Armistead did express her wishes for certain traditions and organizations to continue, such as the annual paddle out hosted by the university’s surf team and Blunite, an organization created after the tragedy which works to promote solidarity and hope within Isla Vista and the surrounding community.

While the Isla Vista shooting has become less prominent over time, the issue of gun control and gun violence has remained strongly relevant. According to Armistead, advocacy work surrounding the issue is one of the political emphases for students this year. Political activism is also seen as one of the ways the community has been able to heal and move forward over the past four years.

“I can say that being able to pass legislation and feeling like that is something in your grasp makes people feel like they have agency,” said Monte-Angel Richardson, UCSB alumna and a graduate student at the University of Michigan studying the impact of the Isla Vista tragedy on the community’s growth.

While political work has been integral for the community’s growth after the tragedy, other social campaigns such as the “I [Heart] UCSB” pledge and an emphasis on keeping events exclusively to locals have also played a large role in fundamentally changing campus and local culture.

“After the tragedy and things that were happening that year, students really understood this is our community and we need to take care of our community,” Armistead said. “That sentiment became stronger than I had ever seen it after that year. I think it still continues because the culture has been forever affected and changed.”
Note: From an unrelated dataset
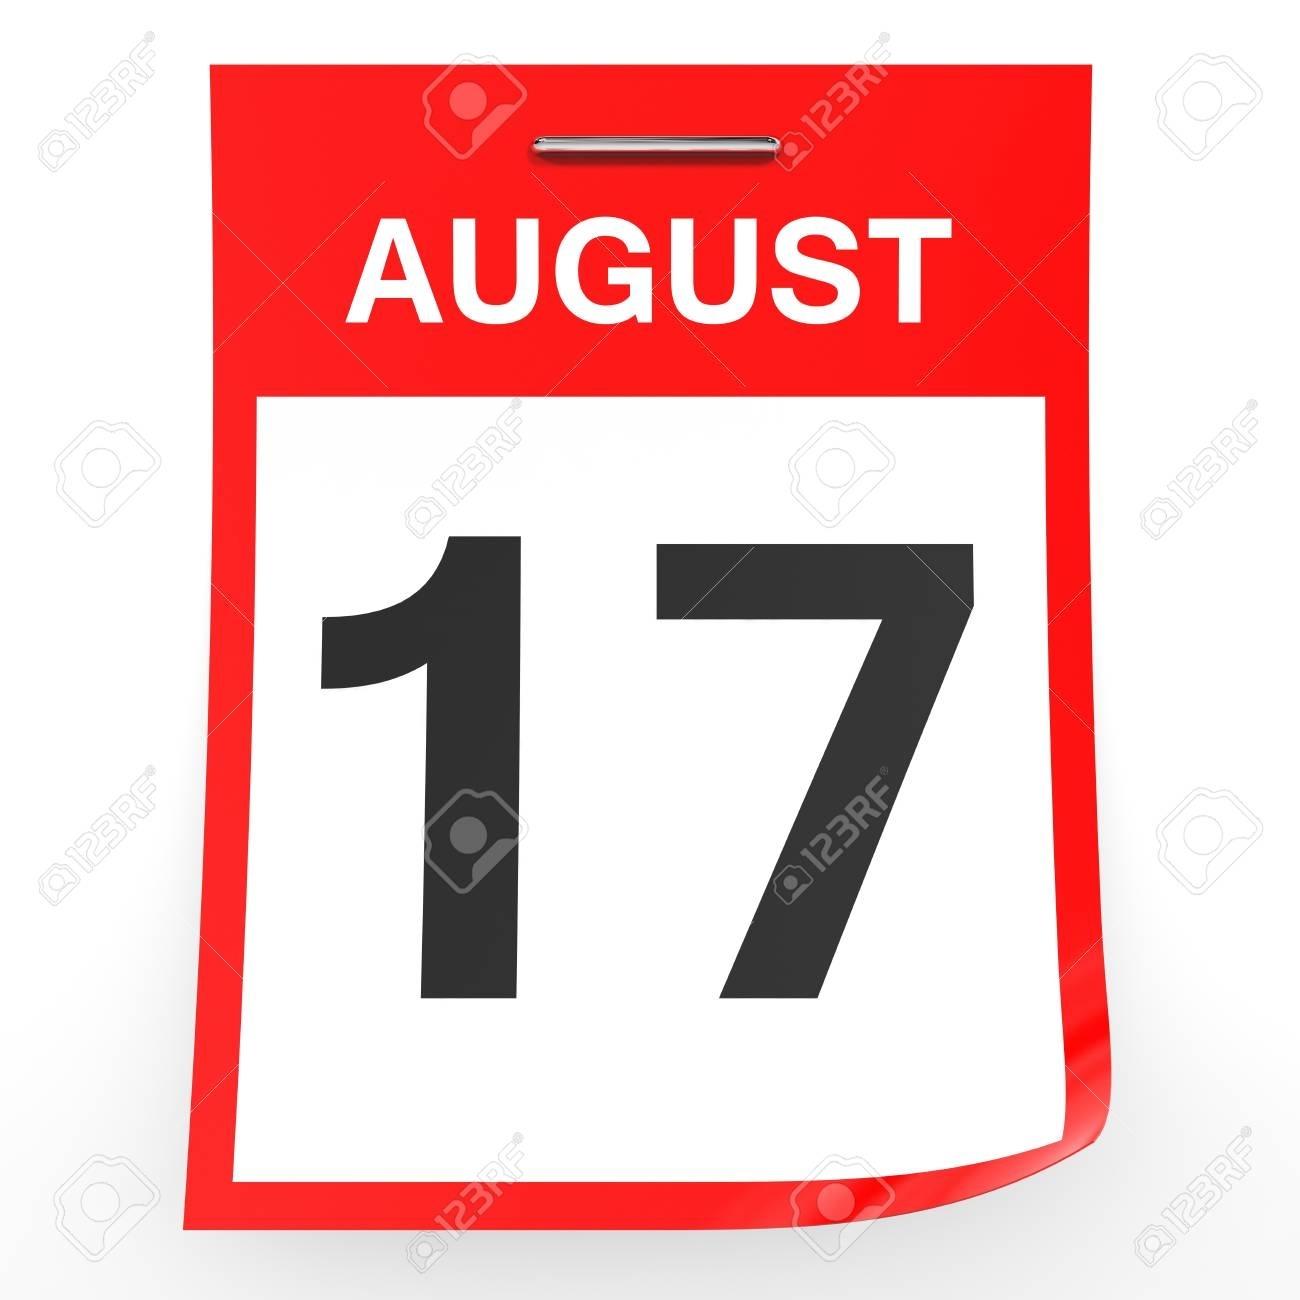 17 De Agosto De Calendario En El Fondo Blanco. Ilustración 3D. Fotos for Imagen 17 De Agosto En Calendario

With the university is oving on from the incident, memorializing has now evolved to be more inclusive to all the students UCSB has lost, not just to the shooting. According to Armistead, it’s a welcome change as the school continues its trajectory of growth out of the tragic event.

“I like that we’re moving towards inclusivity and thinking about all students,” Armistead said. “There’s something nice about the sense of us moving forward and thinking about how we can take care of all our students while still keeping tradition.”